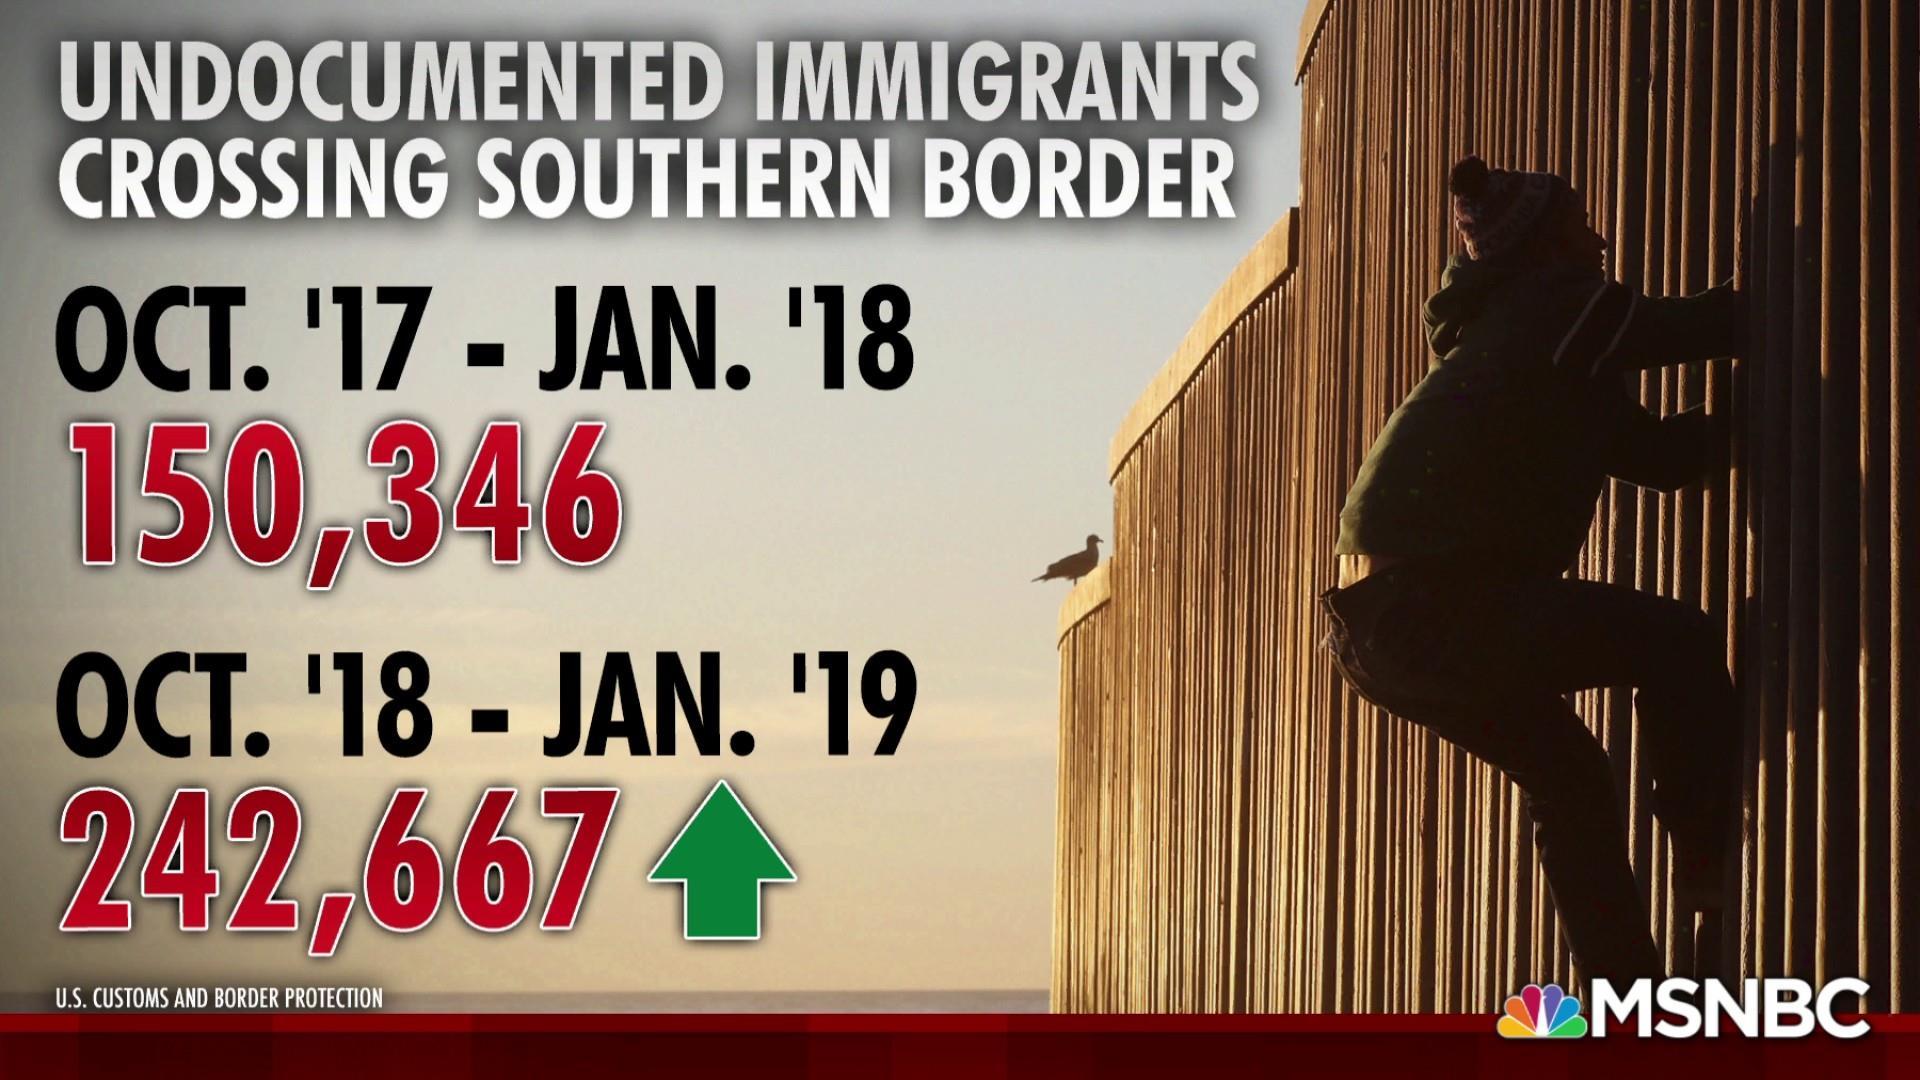 Trump policies causing surge of illegal border crossings
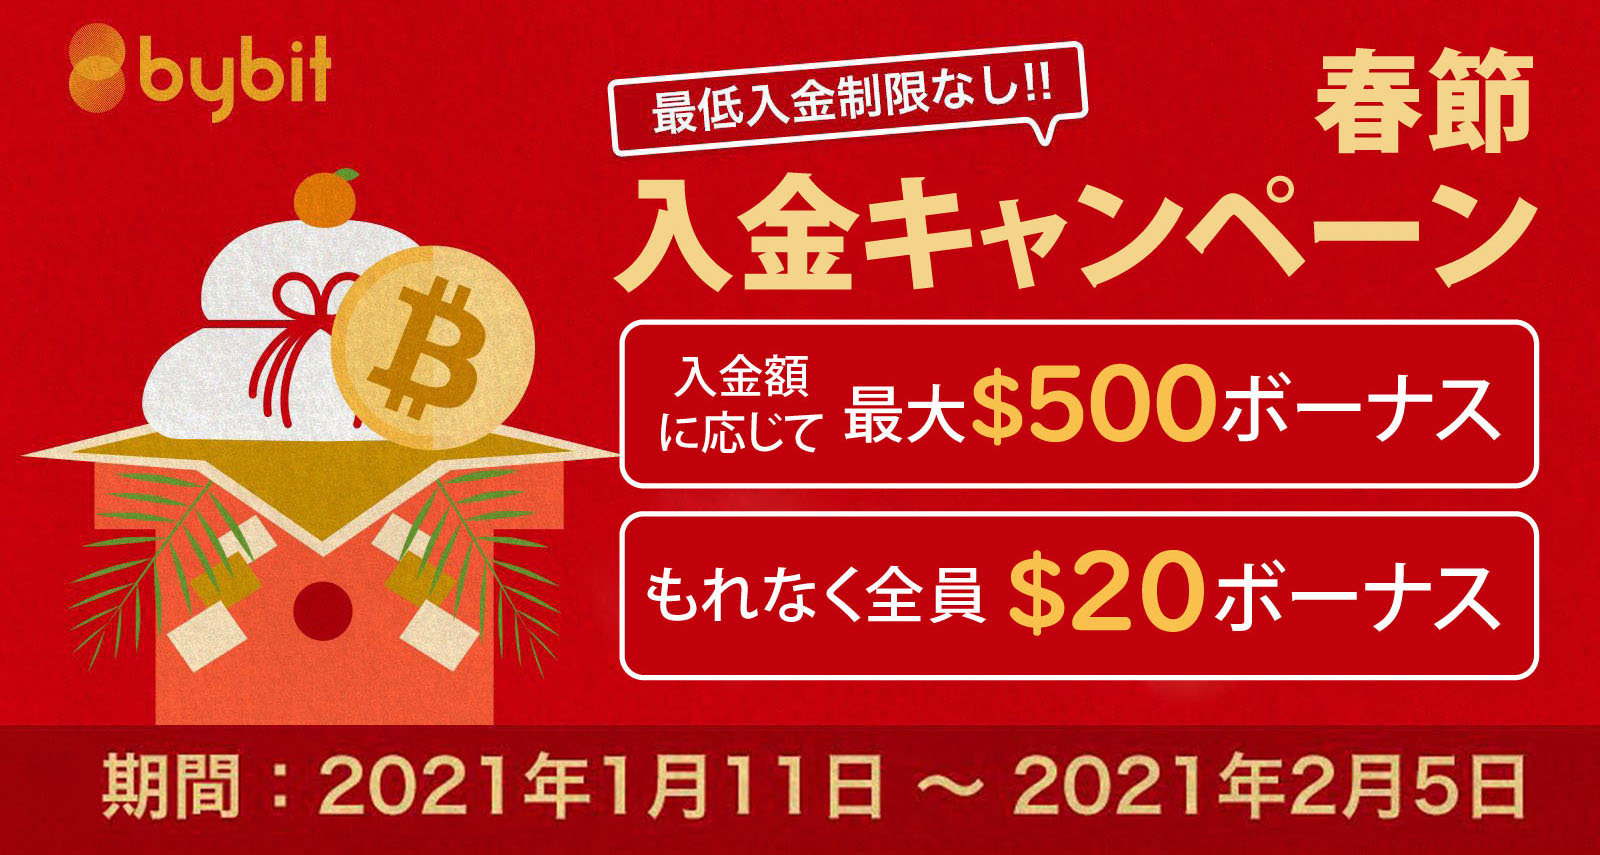 Bybit 入金キャンペーン
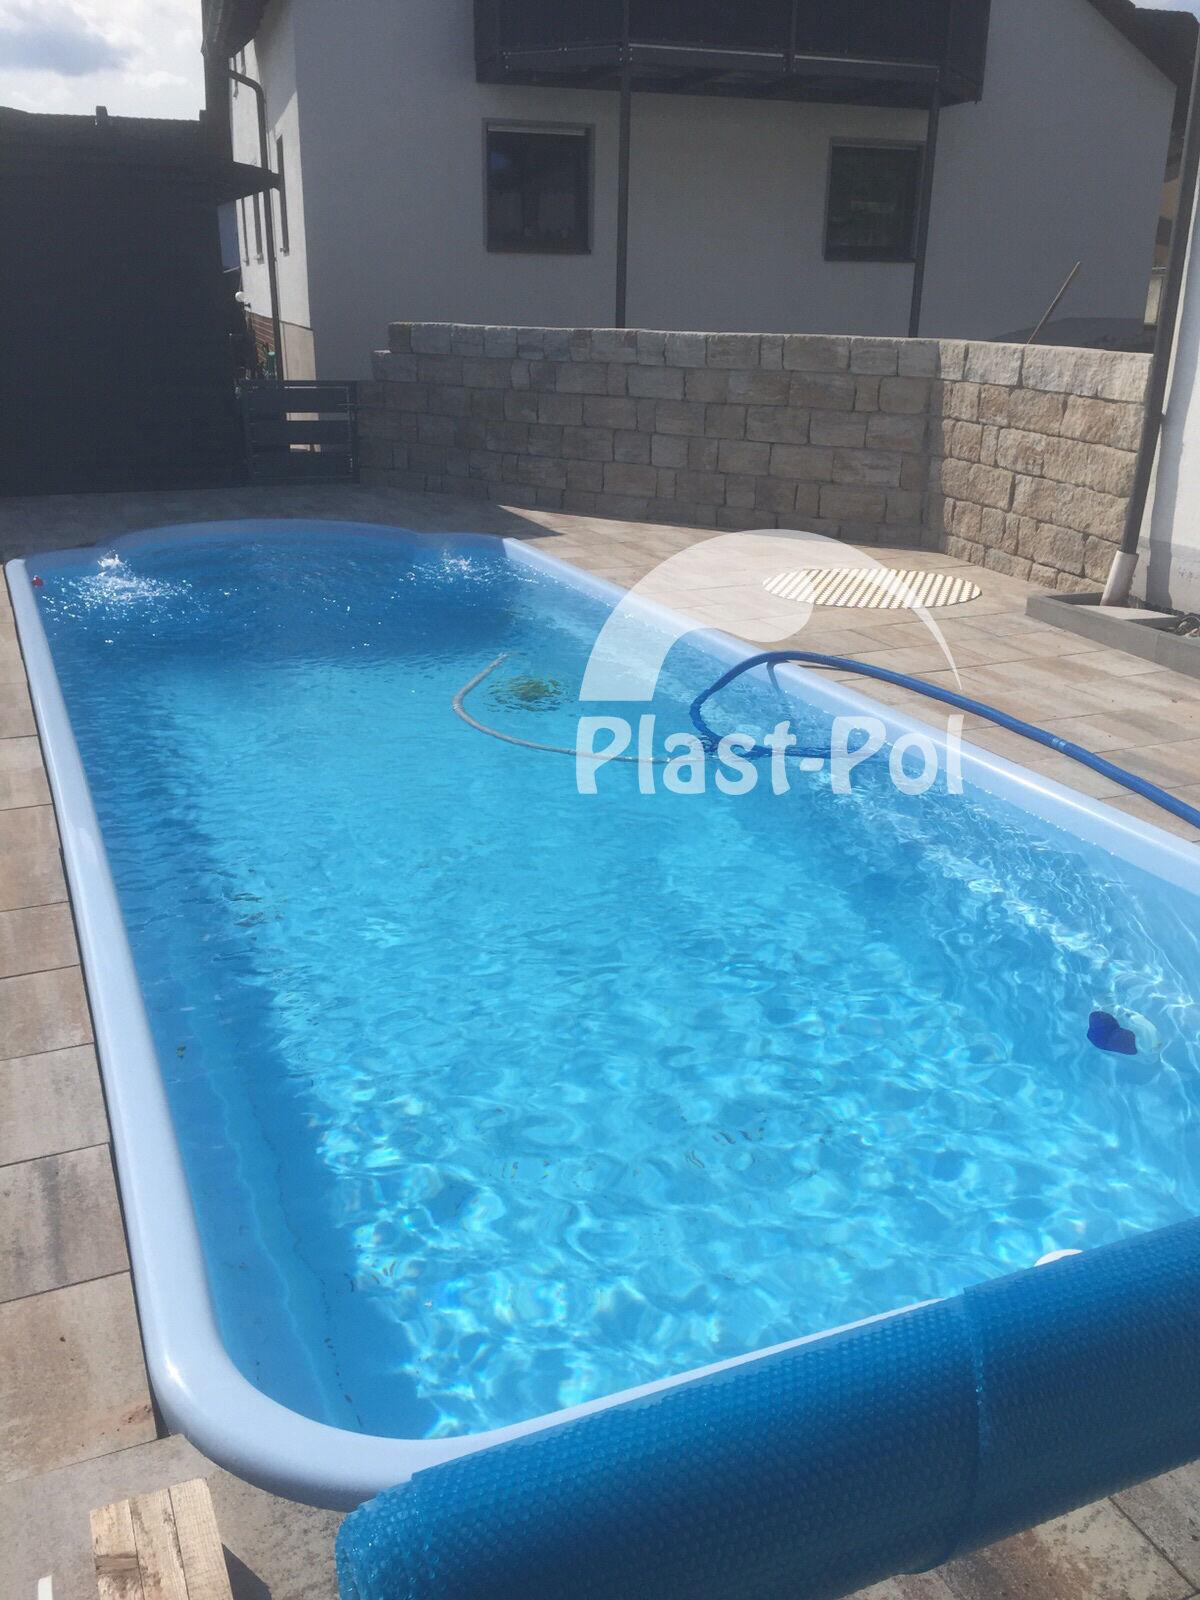 Gfk schwimmbecken swimming pool 10 00x3 20x1 50 for Fertigbecken pool

Work to complete: Down to the final line, restate the material above word for word, but omit its pictures.

Expected answer:
 Trump policies causing surge of illegal border crossings
 Bybit 入金キャンペーン
 Gfk schwimmbecken swimming pool 10 00x3 20x1 50 for Fertigbecken pool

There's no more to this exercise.